Last reviewed 24 April 2013

Stuart Chamberlain, Croner author and employment law consultant, looks at the topic of whistleblowing, examines its framework and considers government proposals to amend the whistleblowing regime.

“Whistleblowing” is a term for what is known legally as a Public Interest Disclosure. The term is used when a member of staff raises a concern about a possible risk, wrong-doing or malpractice that has a public interest aspect to it, usually because it threatens others — for example, patients, colleagues or the public.

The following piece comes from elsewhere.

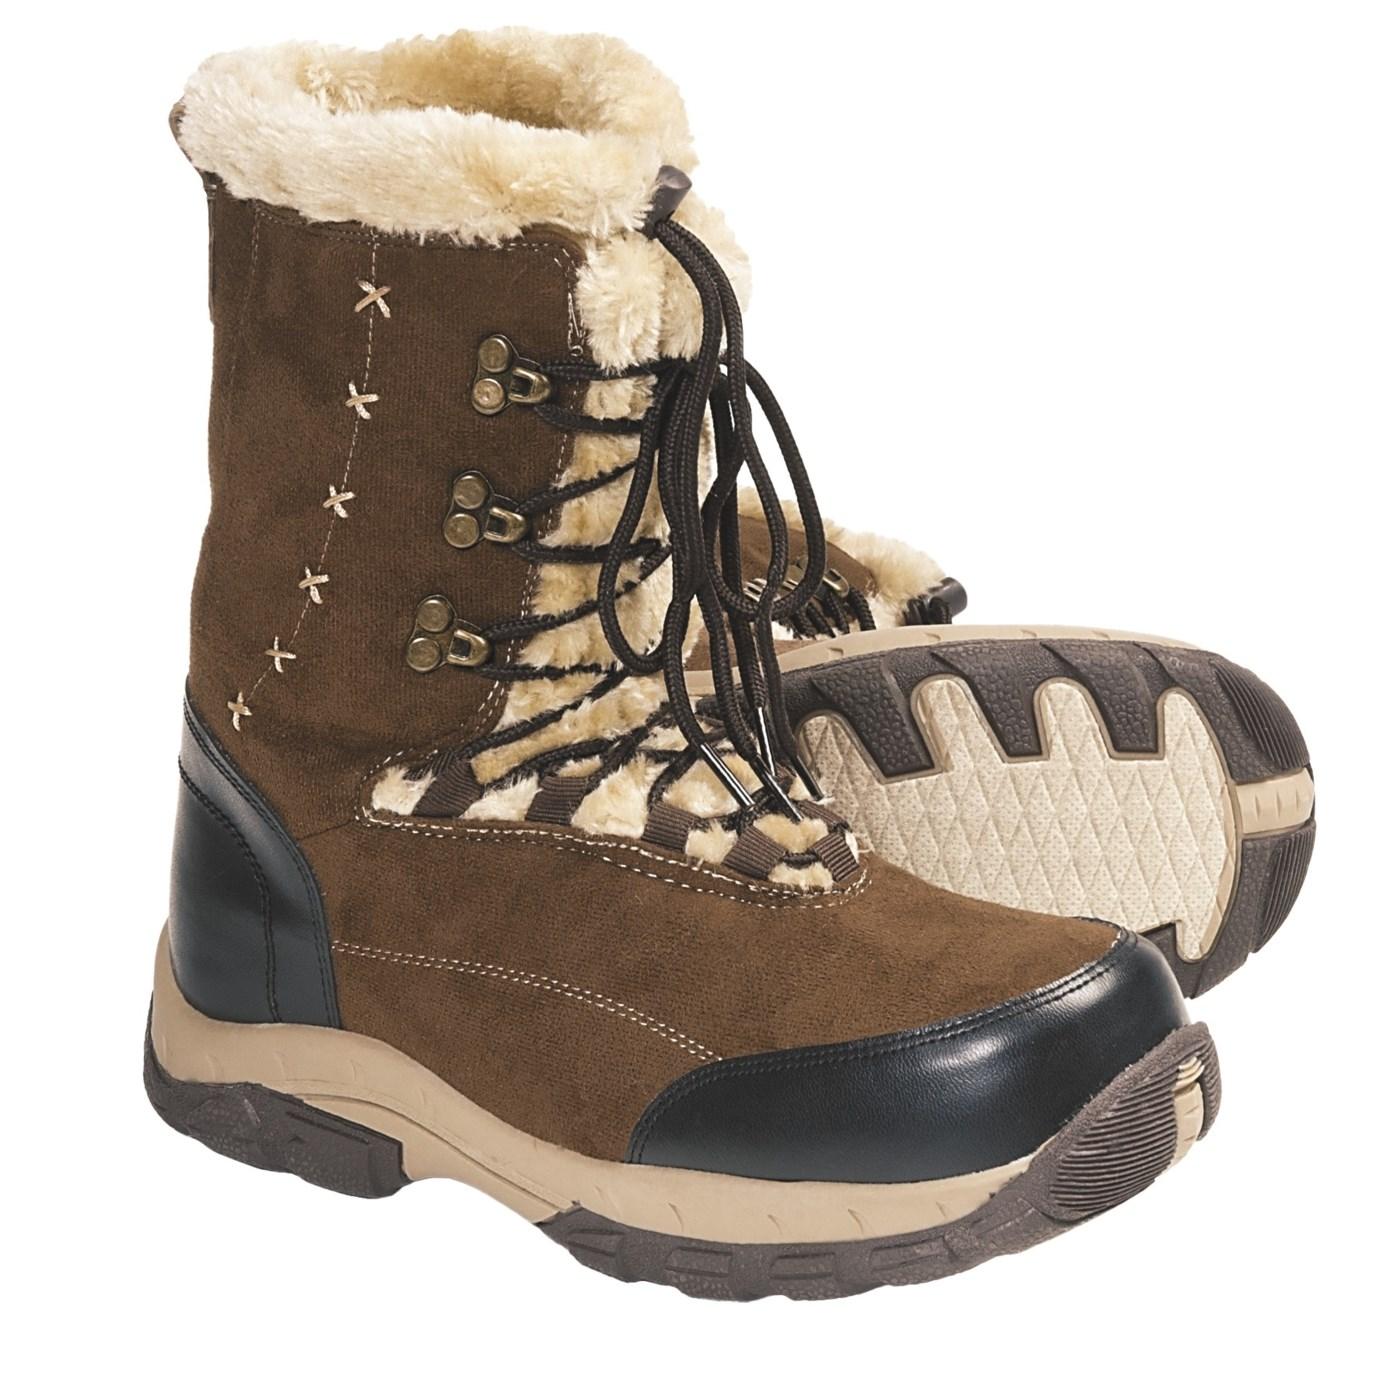 87bf1fd4069b Itasca Anastasia Snow Boots (For Women) 83 on PopScreen
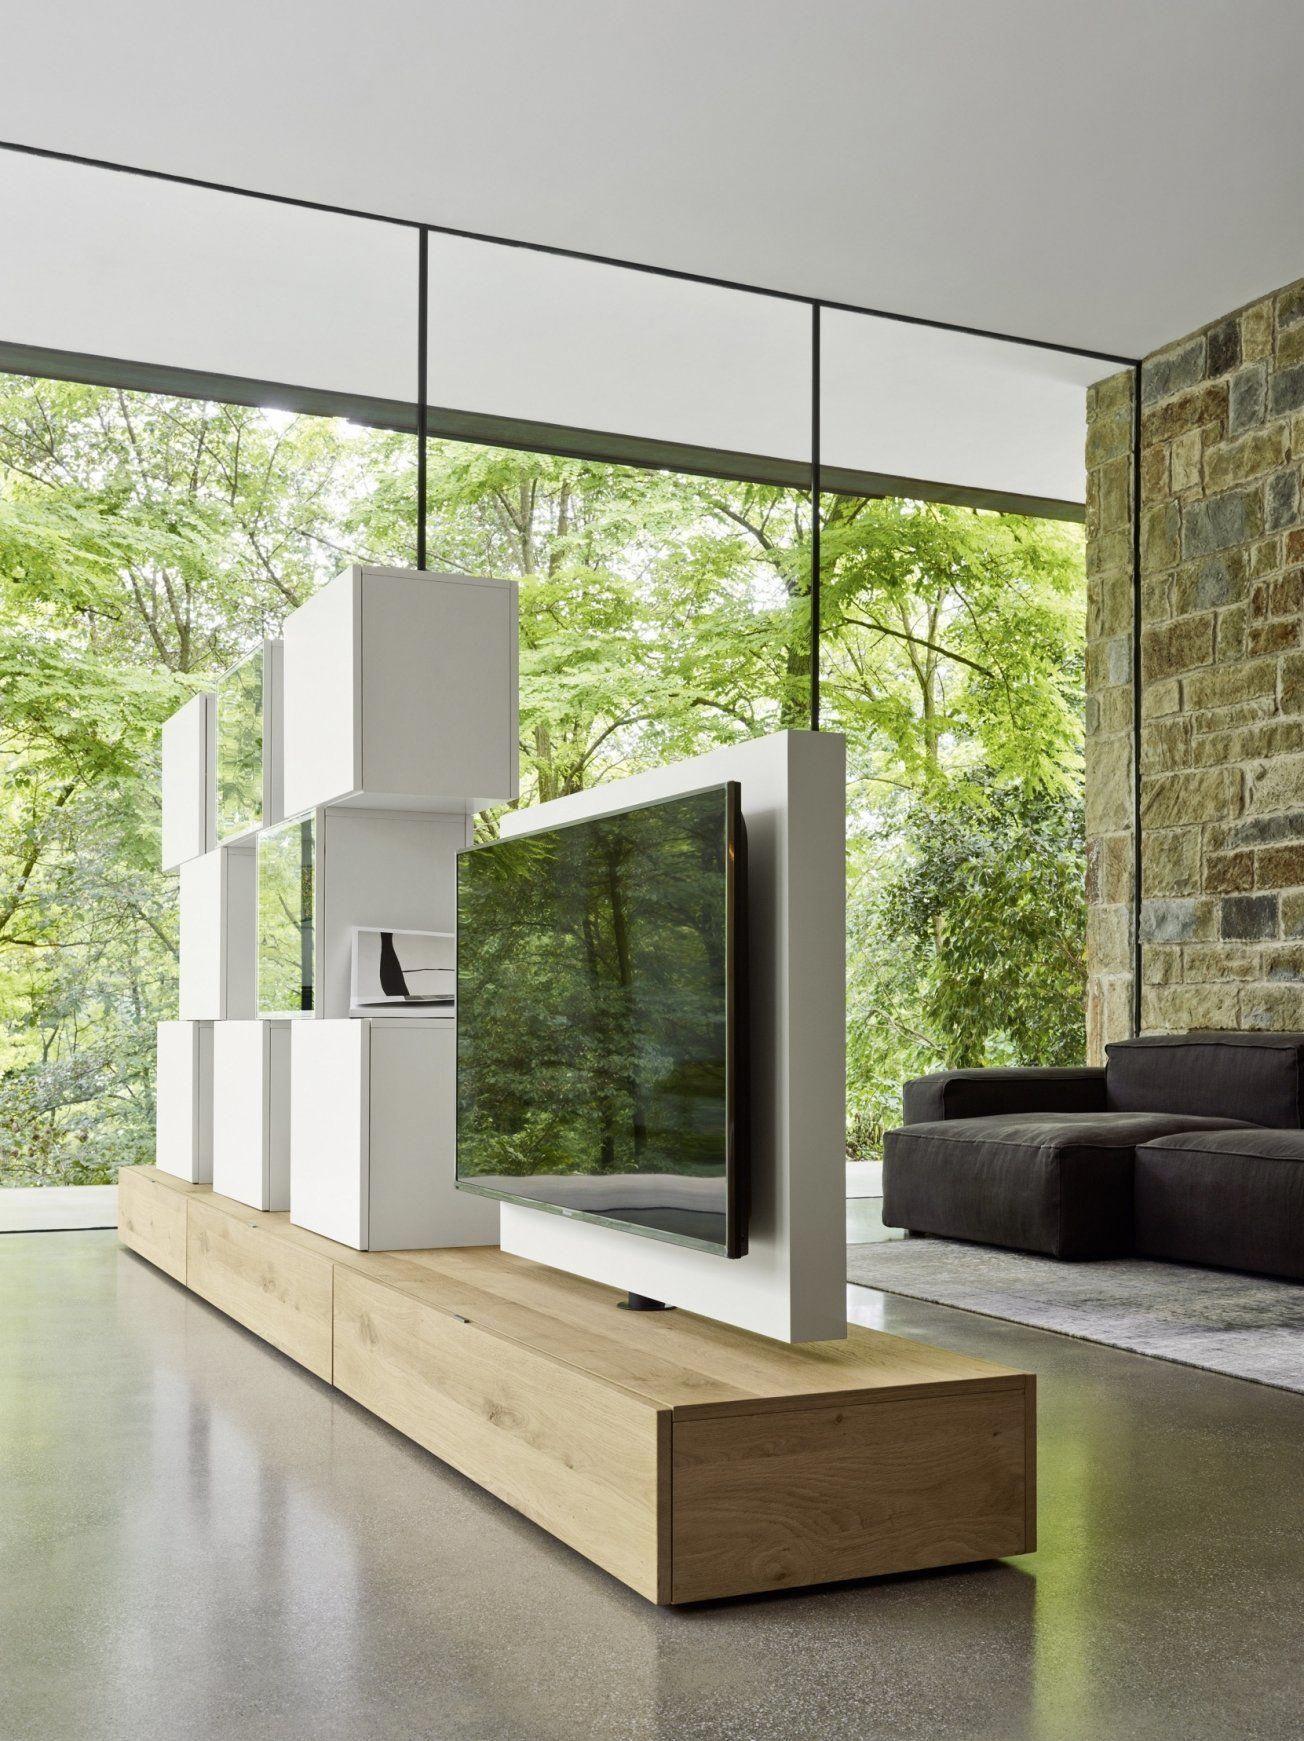 Multimedia Unit By Studio IQ #swiveltvstand

There have been a number of recent high-profile cases, notably in the NHS, and also some involving “gagging” clauses. To some, whistleblowers are martyrs in the public interest; to others they are merely sneaks, pursuing their own personal glory.

What does the Public Interest Disclosure Act 1998 do?

The Public Interest Disclosure Act 1998 (PIDA) was introduced to protect workers from detrimental treatment or victimisation by their employer when, in the public interest, they raise a concern (“blow the whistle”) internally or to a prescribed regulator.

The PIDA protects workers as follows.

  • If an employee is dismissed because he or she has made a protected disclosure, then that will be treated as automatically unfair dismissal — there is no qualifying service to bring such a claim.

  • In any event, workers are given a right not to be subjected to any “detriment” (ie disadvantaged) by their employers on the ground that they have made a protected disclosure.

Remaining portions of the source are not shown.